◆ What to work on ◆
The material below is to be copied exactly from the line with "smartfon google pixel" up to and including the line with "wedding_column", with nothing else kept and no pictures.

◆ Material for the task ◆
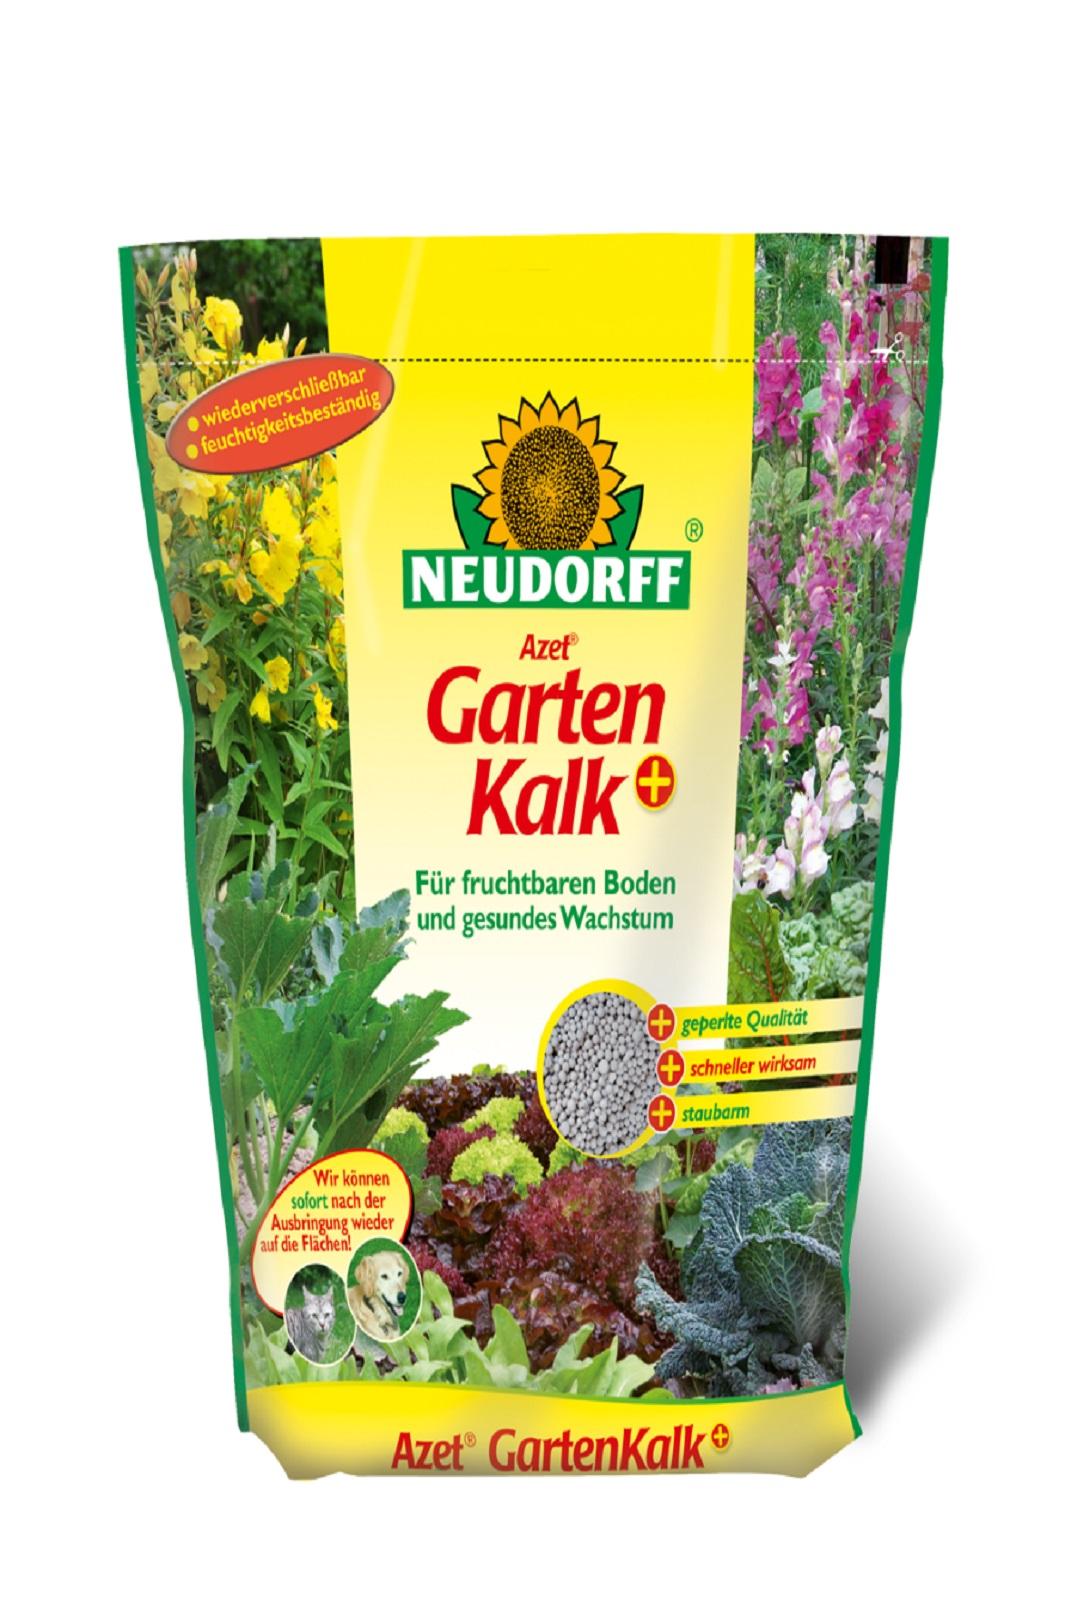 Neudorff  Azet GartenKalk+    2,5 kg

---

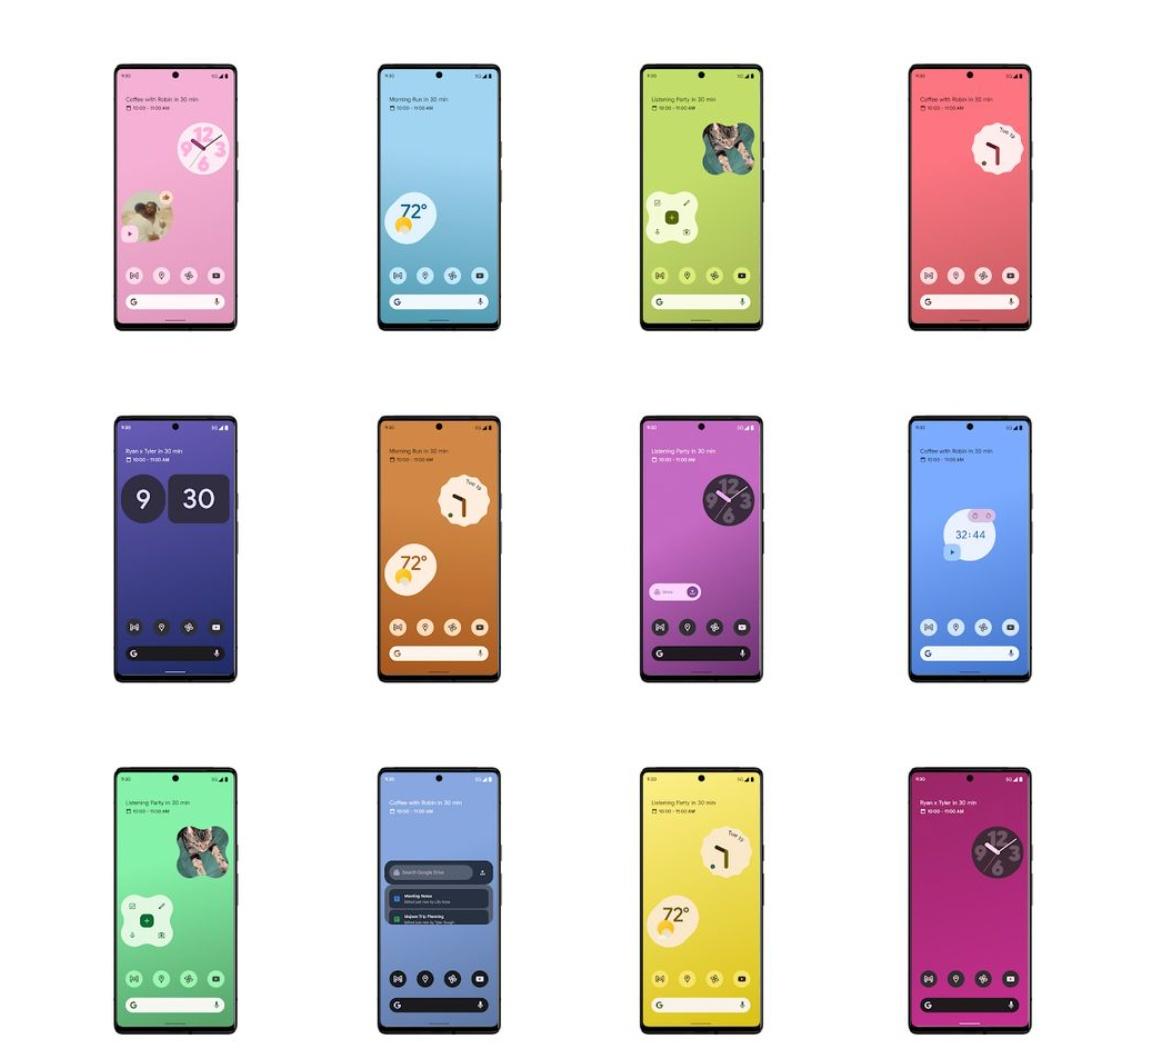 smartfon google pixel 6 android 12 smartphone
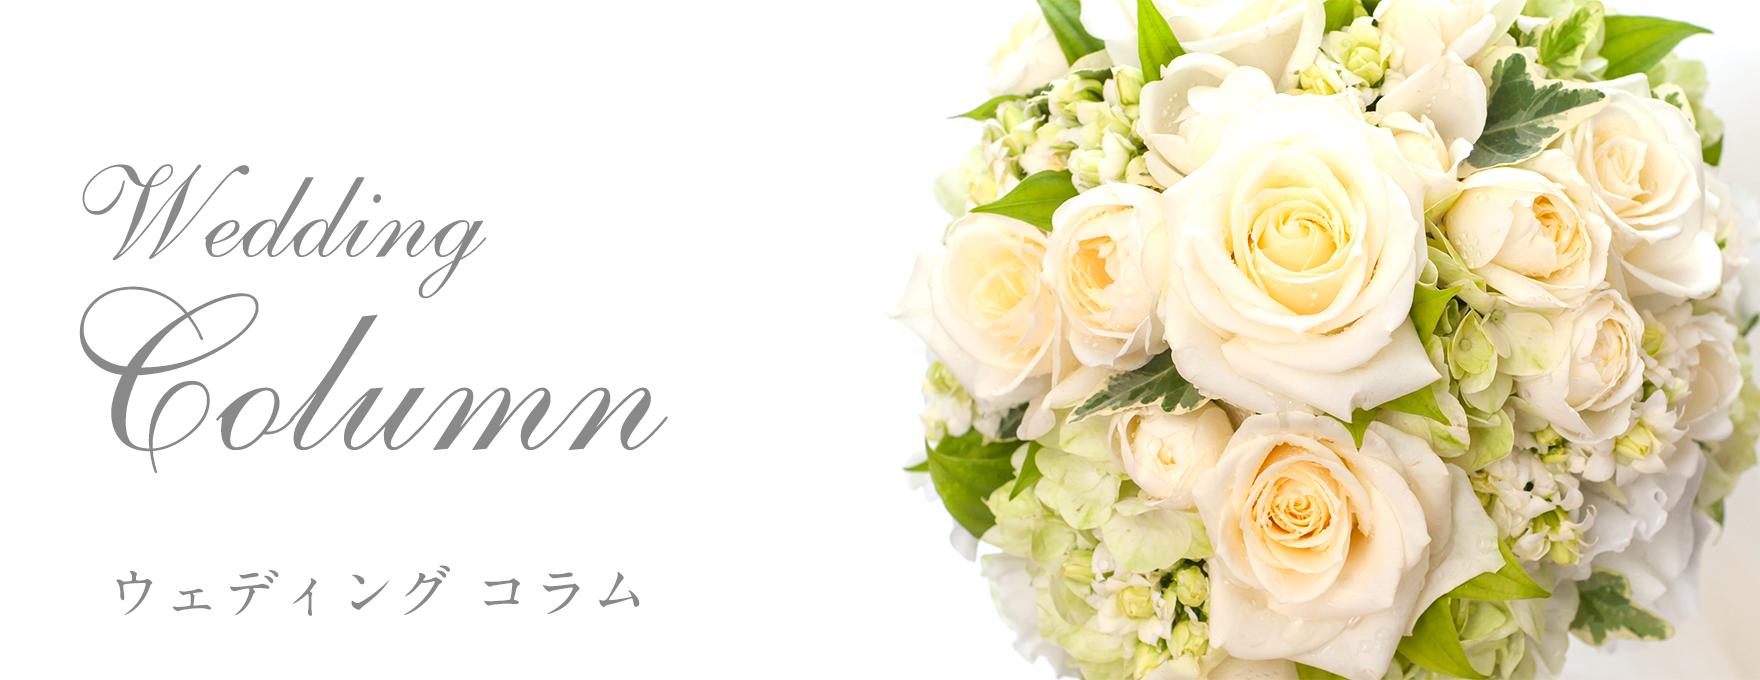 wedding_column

--

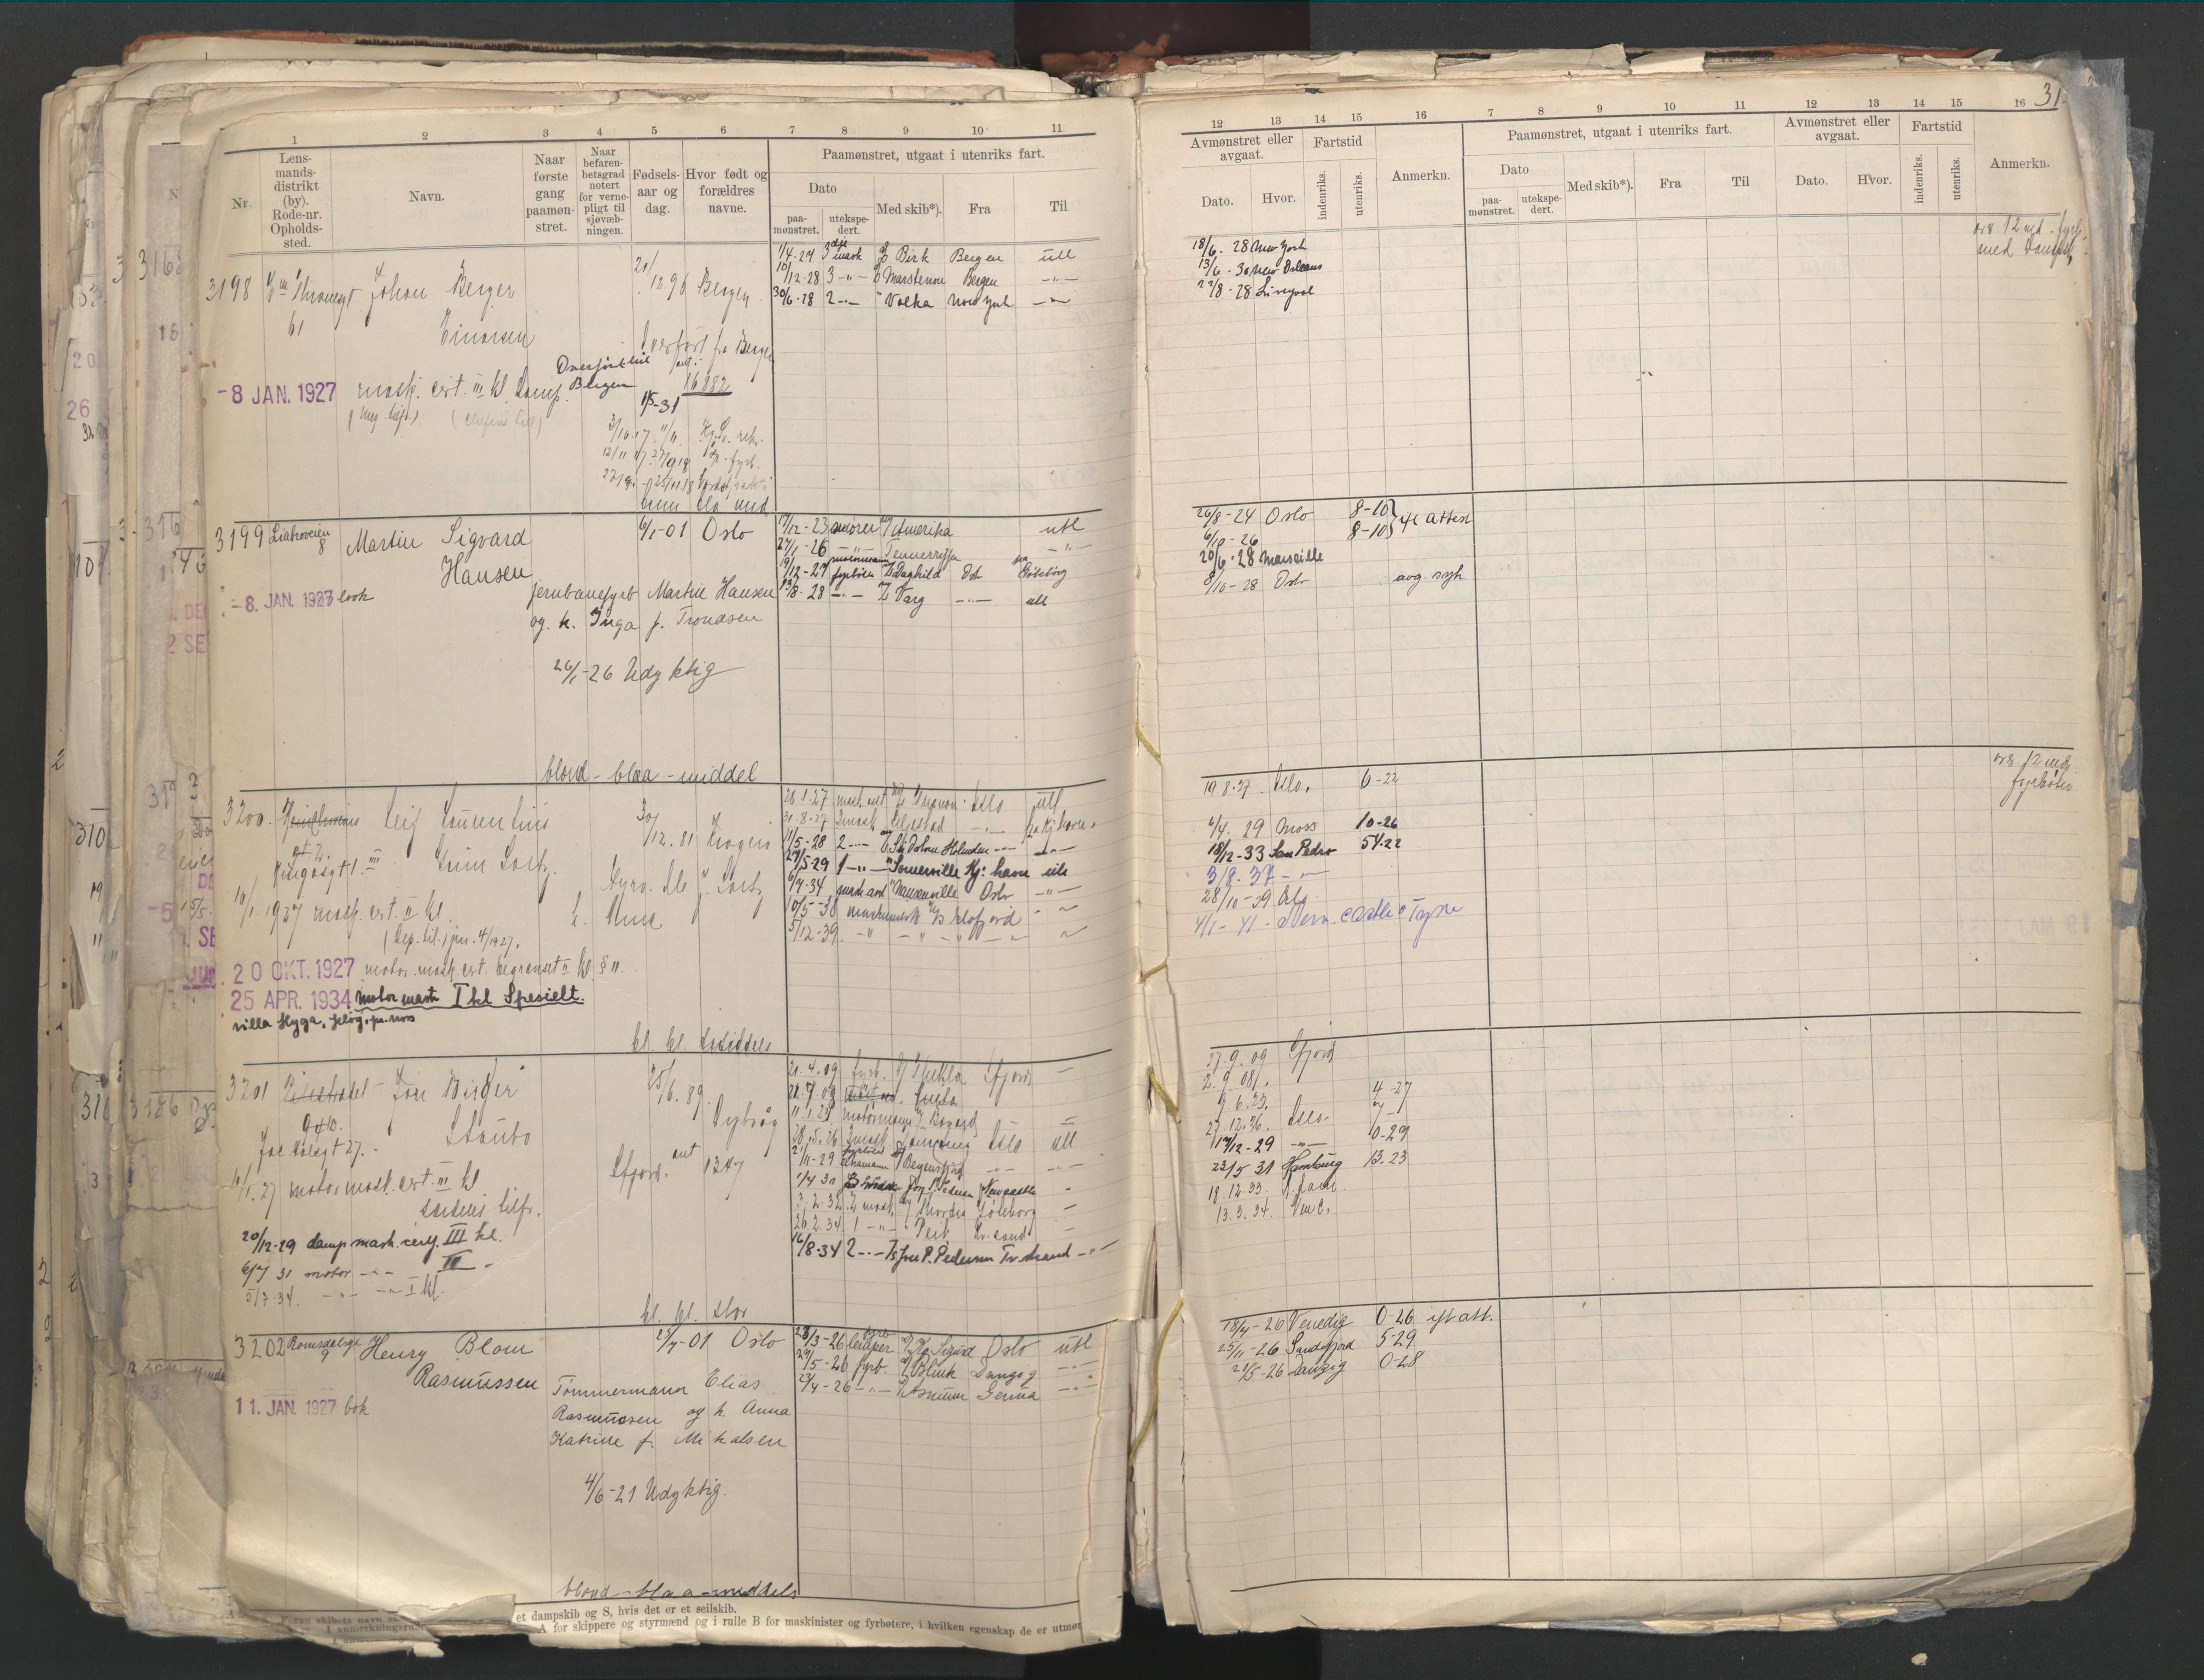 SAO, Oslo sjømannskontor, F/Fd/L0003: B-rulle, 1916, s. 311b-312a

◆ The answer ◆
 smartfon google pixel 6 android 12 smartphone
 wedding_column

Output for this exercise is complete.